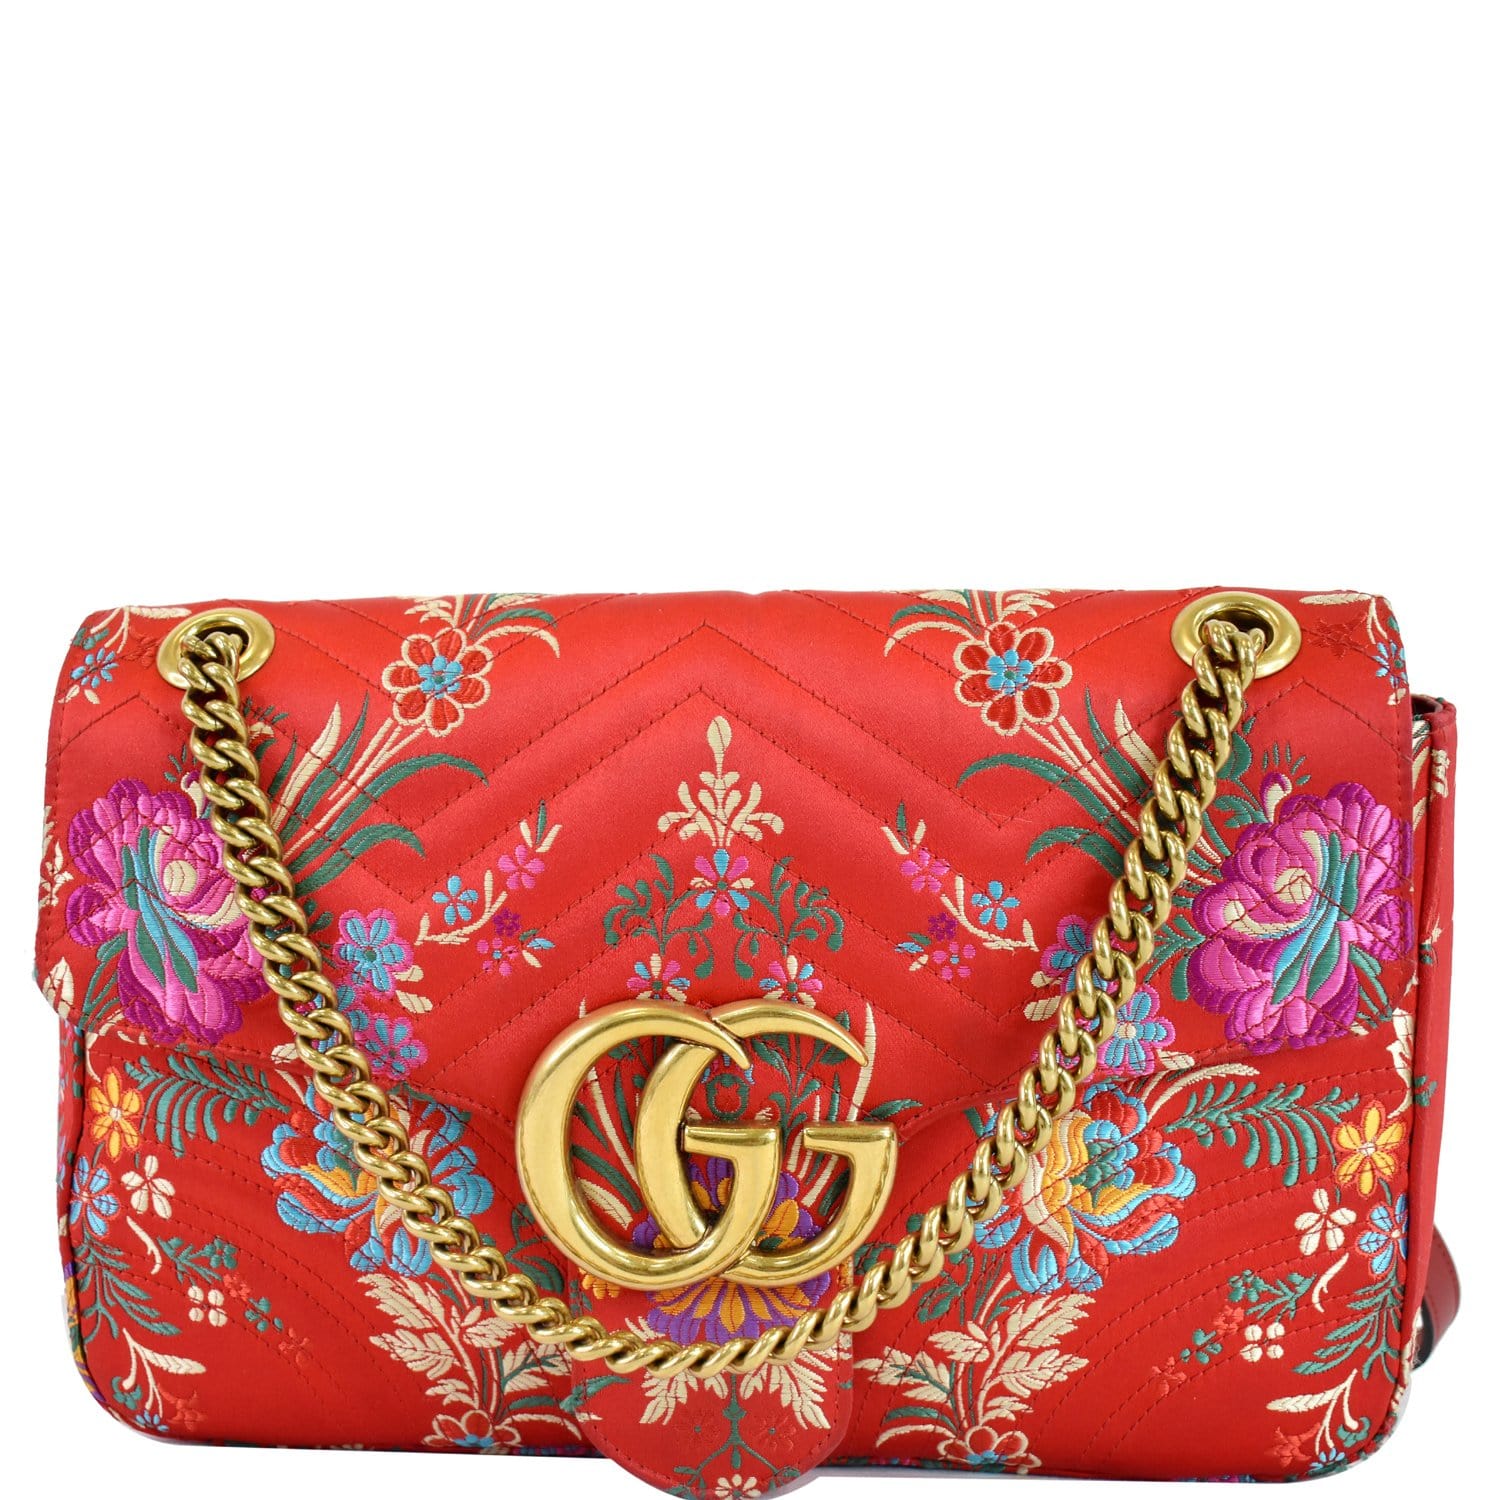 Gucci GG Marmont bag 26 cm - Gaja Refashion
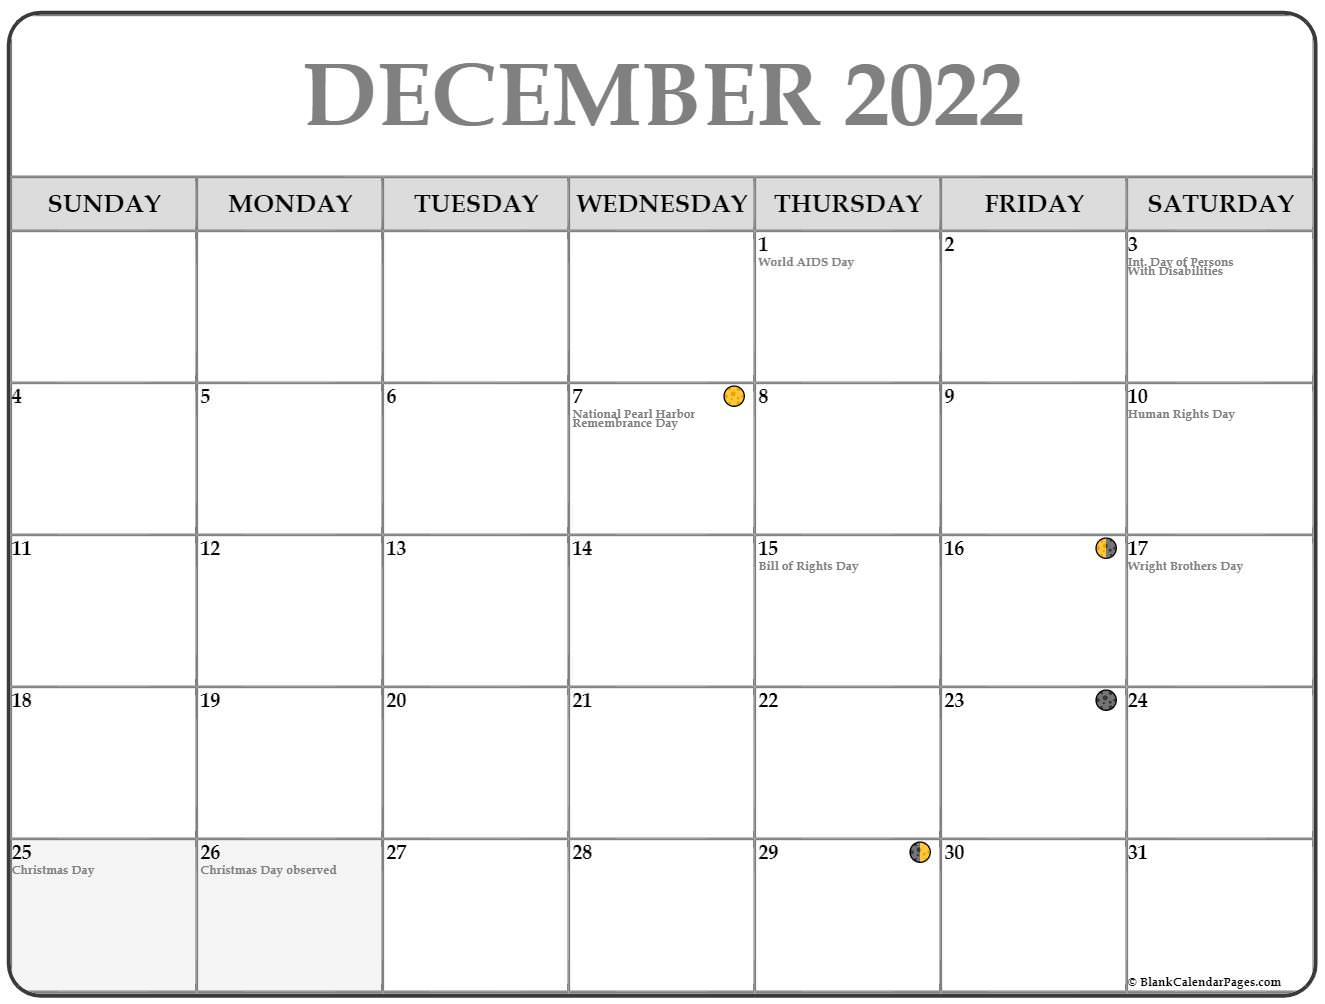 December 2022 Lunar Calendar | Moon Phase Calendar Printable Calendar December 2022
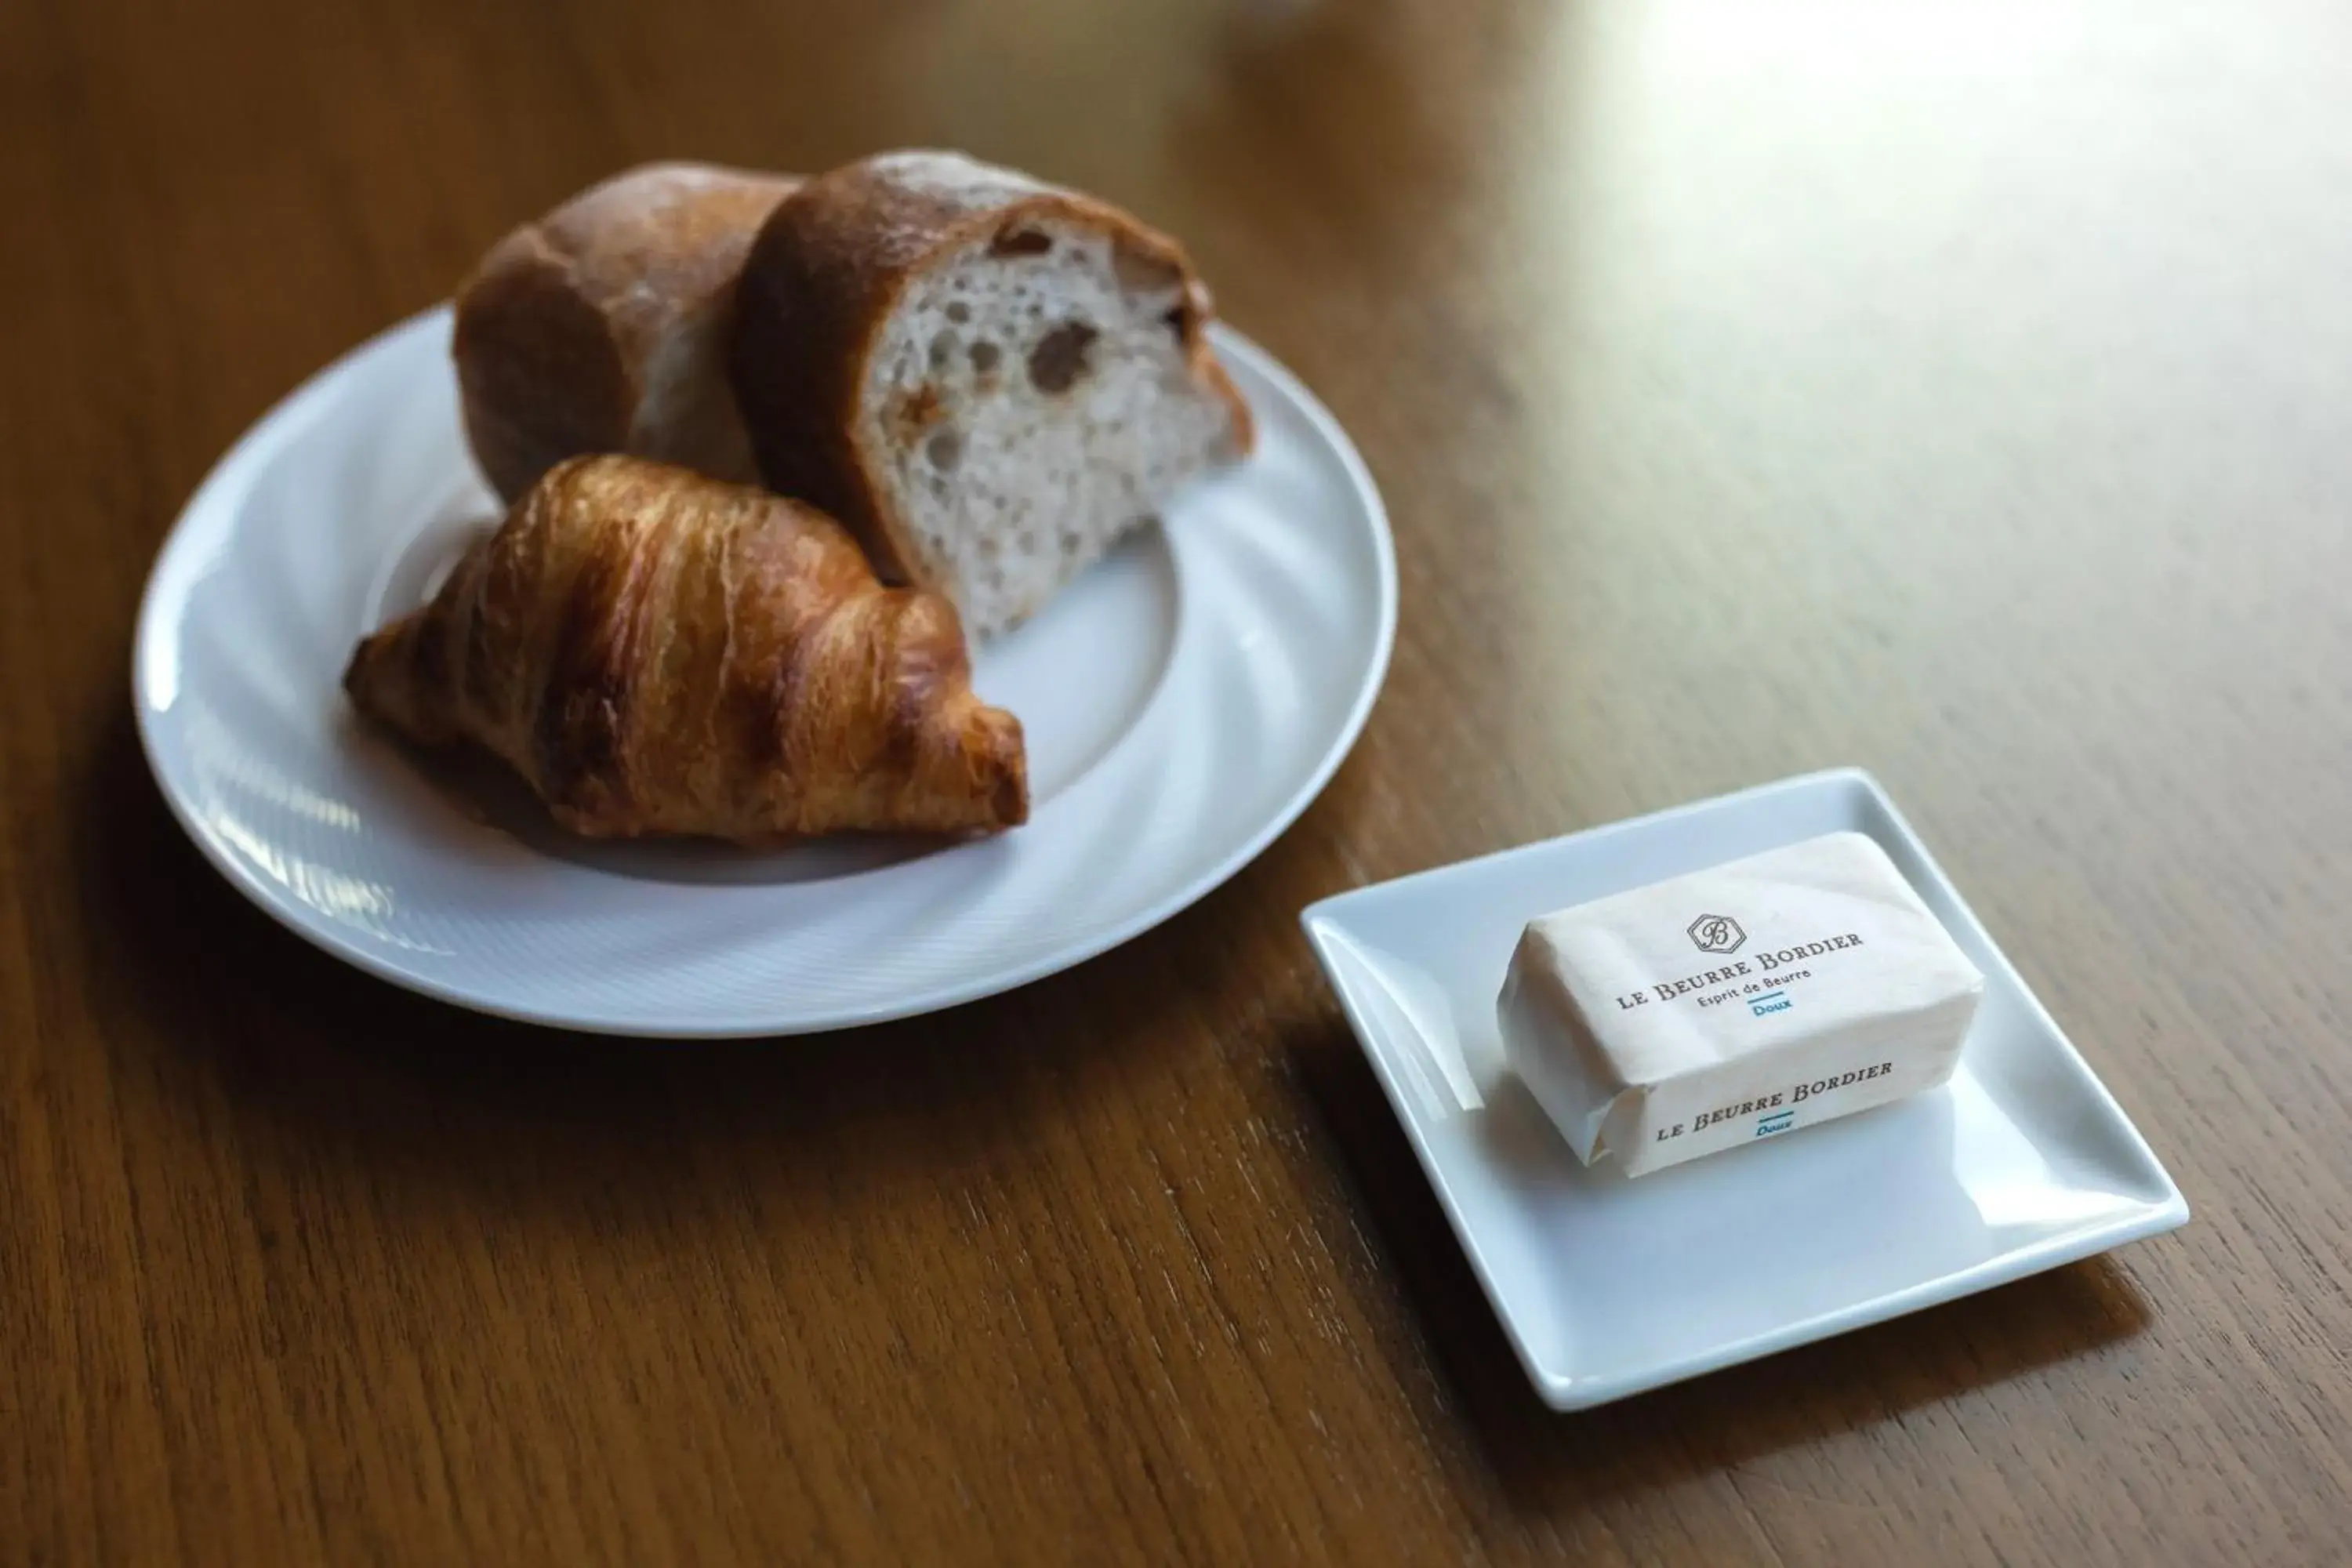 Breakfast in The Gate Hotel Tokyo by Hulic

> _TRY IT_
Everything from the line containing "December 2022 Lunar" through the last line of the listing above must be output exactly, except the pictures.

> _RESPONSE TO THIS TASK_
 December 2022 Lunar Calendar | Moon Phase Calendar Printable Calendar December 2022
 Breakfast in The Gate Hotel Tokyo by Hulic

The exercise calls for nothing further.